**Data provided:**
--------

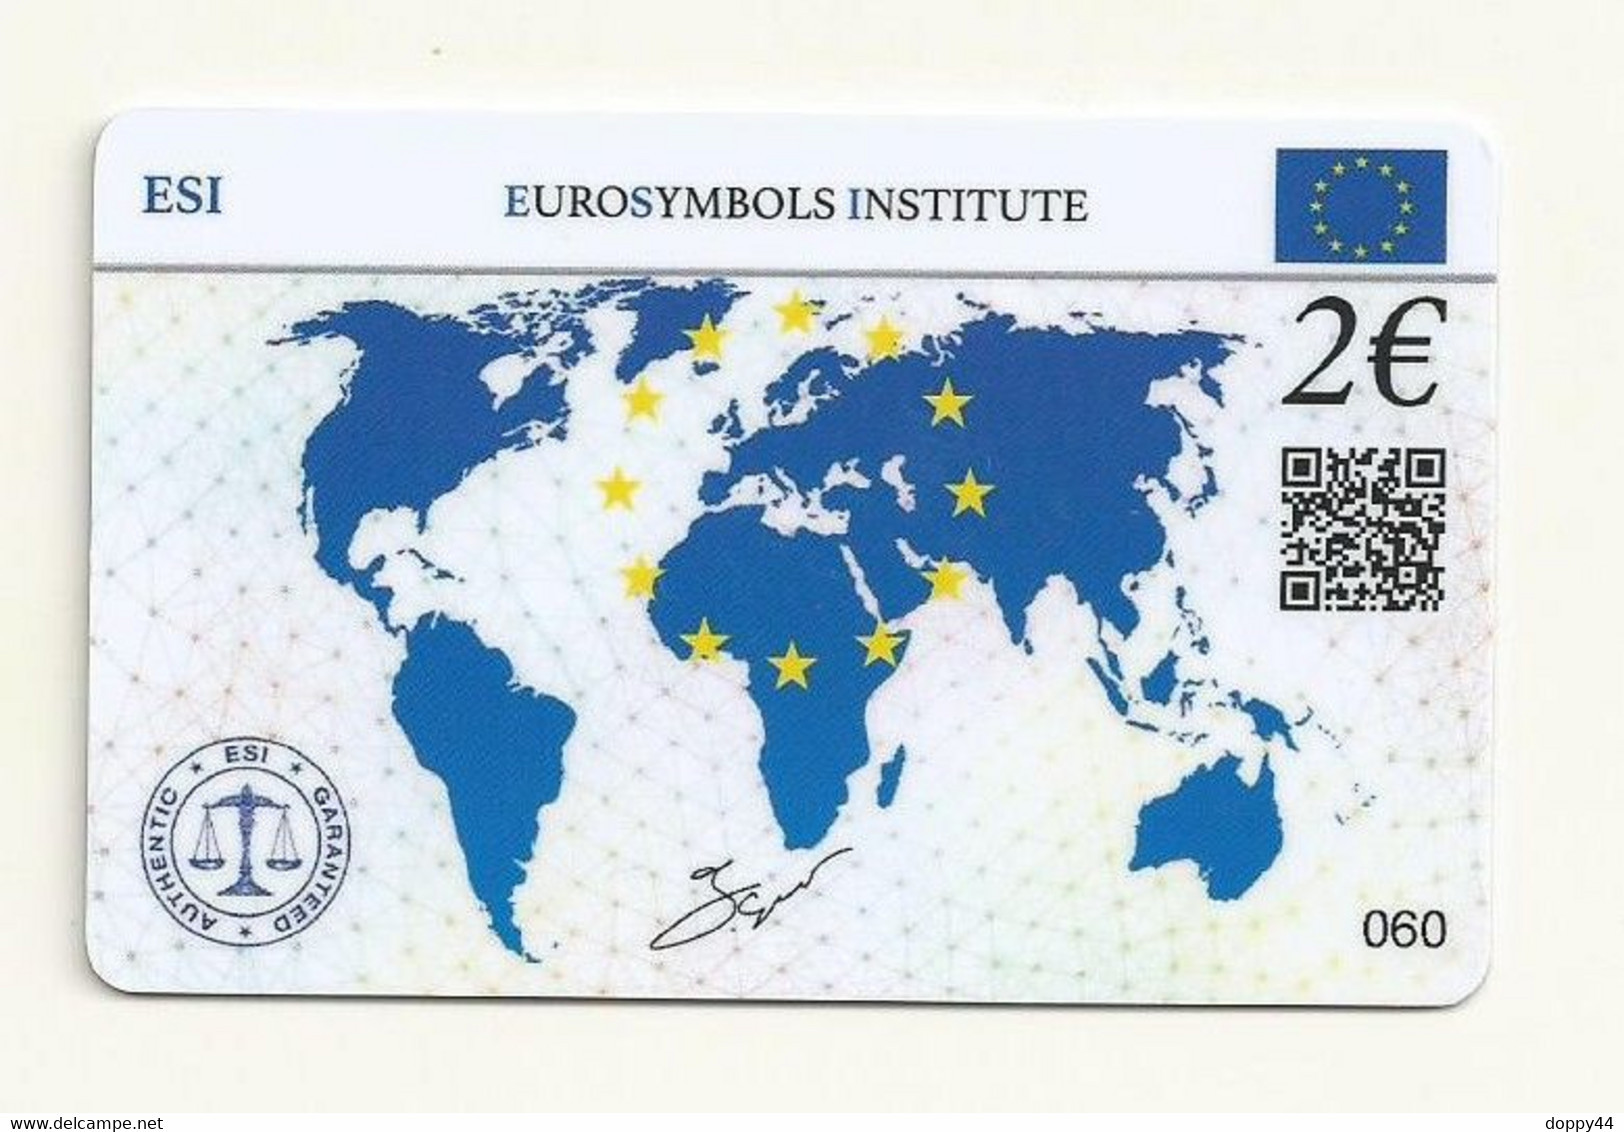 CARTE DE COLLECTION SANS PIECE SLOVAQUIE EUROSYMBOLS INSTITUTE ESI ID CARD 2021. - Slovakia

--------

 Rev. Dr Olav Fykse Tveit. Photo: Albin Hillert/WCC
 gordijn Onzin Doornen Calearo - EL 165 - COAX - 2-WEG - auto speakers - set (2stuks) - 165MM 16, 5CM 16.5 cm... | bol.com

--------

**The problem:** There is a run of lines above from the one with "Rev. Dr Olav" to the one with "gordijn Onzin Doornen"; print exactly that run, both ends included, and nothing else.

**Answer box:**
 Rev. Dr Olav Fykse Tveit. Photo: Albin Hillert/WCC
 gordijn Onzin Doornen Calearo - EL 165 - COAX - 2-WEG - auto speakers - set (2stuks) - 165MM 16, 5CM 16.5 cm... | bol.com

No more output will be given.